By eirigi
The stalemate politics that has characterised the Six County assembly since its inception following the Good Friday Agreement in 1998 has continued during the recent spate of ‘functionality’ since the St Andrews Agreement of 2007.
Unionism’s refusal to give an inch and the impotence of nationalist politicians to create change under the British constitutional arrangement has seen stalemate after stalemate, negotiation after negotiation and collapse after collapse.
The sectarian political arrangement at Stormont suits the interests of the British government in Ireland perfectly.
Their portrayal of the struggle for national independence and unity as a bitter tribal conflict between two religious sects is playing out as planned within their Stormont construct. The British government can at last fit the role of the disinterested ‘pig in the middle’, with both the nationalist and unionist parties running to the designer for help in keeping Stormont functional.
Meanwhile, British law remains and a British economic system pertains.

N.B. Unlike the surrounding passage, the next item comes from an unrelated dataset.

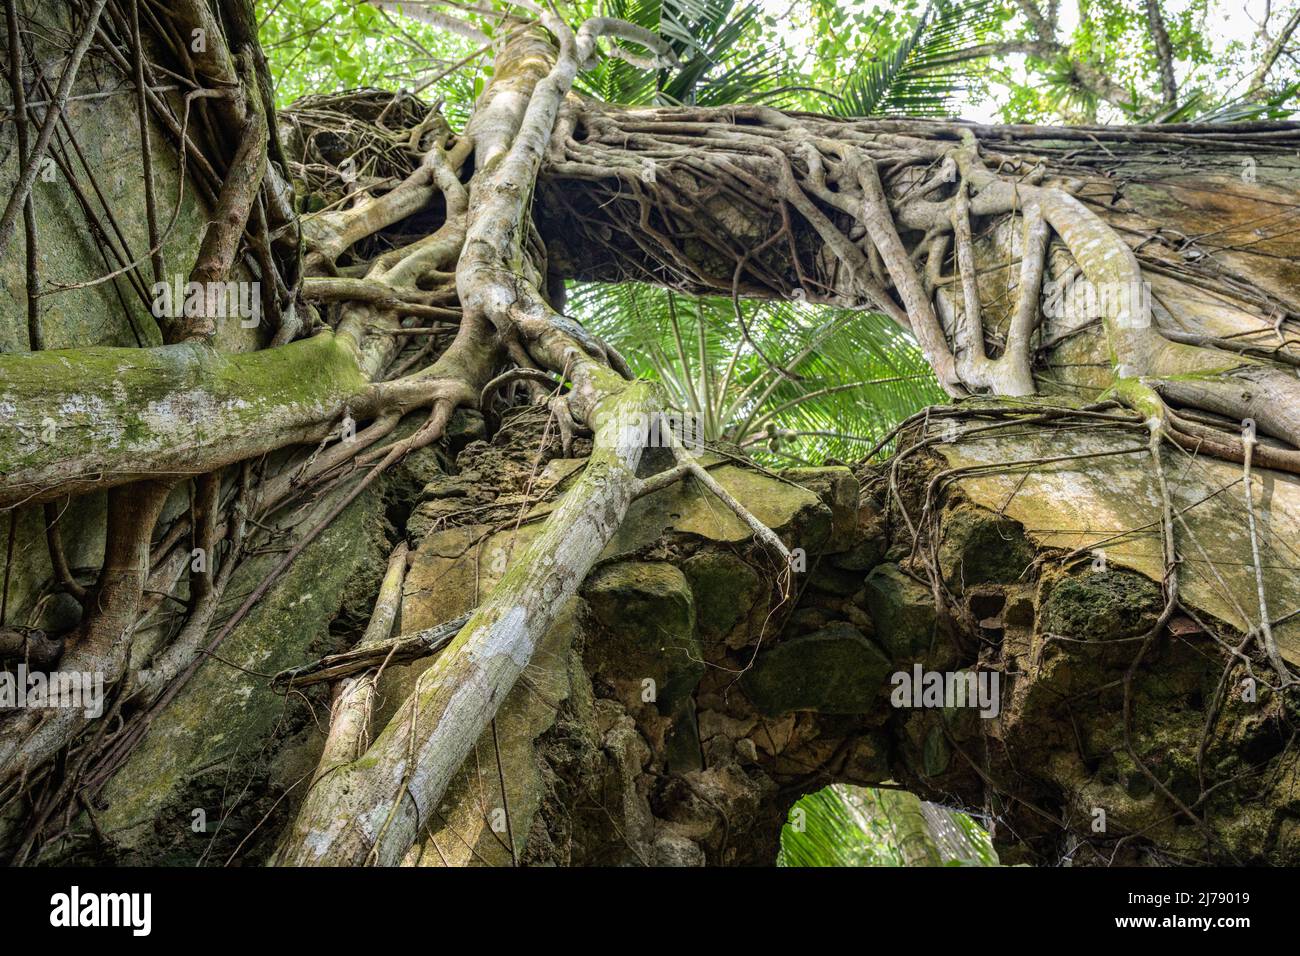 Tropical vegetation growing on the ruins of an old colonial building. Stock Photo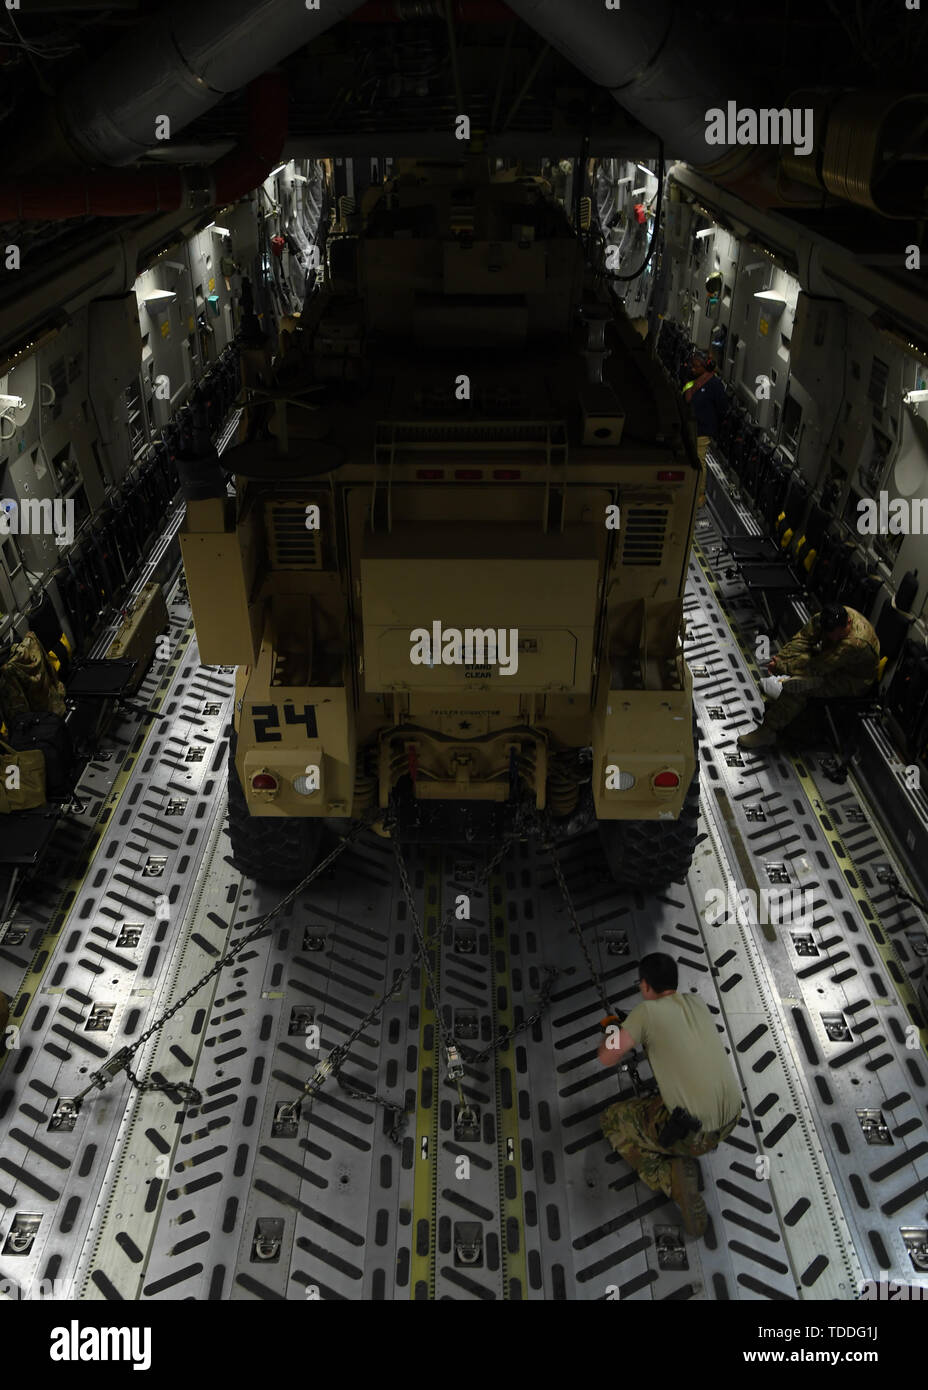 A U.S. Air Force loadmaster from the 816th Expeditionary Airlift Squadron out of Al Udeid Air Base, Qatar, secures a MaxxPro mine-resistant, ambush protected vehicle to a C-17 Globemaster III during a transport mission, June 5, 2019. The 816th EAS provides a constant presence in the region, delivering equipment, supplies and personnel allowing U.S. Air Forces Central Command to leverage and outmatch those seeking to challenge U.S. and coalition interests. (U.S. Air Force photo by Staff Sgt. Chris Drzazgowski) Stock Photo

Those within the Whitehall establishment seem to have played their cards right.
Well-placed political commentators see ‘light at the end of the tunnel’ as a formula of words is agreed on the devolution of limited policing and justice powers and road maps galore are laid out to secure a local ministerial face to advertise Britain’s paramilitary police in Ireland.
Sinn Féin and DUP ministers have respectfully agreed not to take the position - thus guaranteeing that a DUP electorate won’t have to face what they regularly refer to as “terrorists” controlling the “levers of justice”. And Sinn Féin can assert to their constituency that a right wing unionist will not take charge, and that the levers of power will have shifted to Ireland. The reality is that no minister in Stormont will take charge of British law in Ireland. At best, they will take charge of administering laws passed in Britain and implementing them in the occupied territory.
As the parties in Stormont seek a harmonious outcome to the “policing and justice” logjam and a new lifeline for an incompetent and irrelevant assembly, working people could be forgiven for missing how much of a red herring it all actually is.
The devolution to the Stormont executive of policing and justice powers (except ‘reserved powers’) will in no way create a body that is accountable to the people of Ireland. It will entail a local minister passing laws of limited significance while primarily upholding the British standard of ‘justice’. As always, laws will be passed in Britain and filtered into ‘the colony’.
The disturbing reality of recent developments, however, is that the D’Hondt system of representation has been forsaken in this instance in the first steps to a complete ‘majority rule’ mechanism long sought by the DUP. The nationalist community in the Six Counties know only too well what ‘majority rule’ (in reality, unchallenged unionist hegemony) entails.
The DUP are the strongest domestic political force in the Six Counties and, stewarded by the British government, have fought those who seek equality every bit of the way, knowing that the basis of the Six County state depends on inequality. Hence, the vociferous and daily attacks on all things Irish.
The British government, however, are the strongest military and political force in Ireland and one of the strongest in the world. Their Irish presence is maintained at present by careful and clinical political manoeuvring to stifle popular resistance. Whereas, in Iraq and Afghanistan, it is maintained by carefully and clinically slaughtering all opposition.
The ‘levers of power’ remain as they were. British law remains as it was. The occupation remains. The foreign soldiers remain. The unjust economic system remains.
And the Irish people remain in the position they have been for centuries. We either accept or we resist. No choice at all.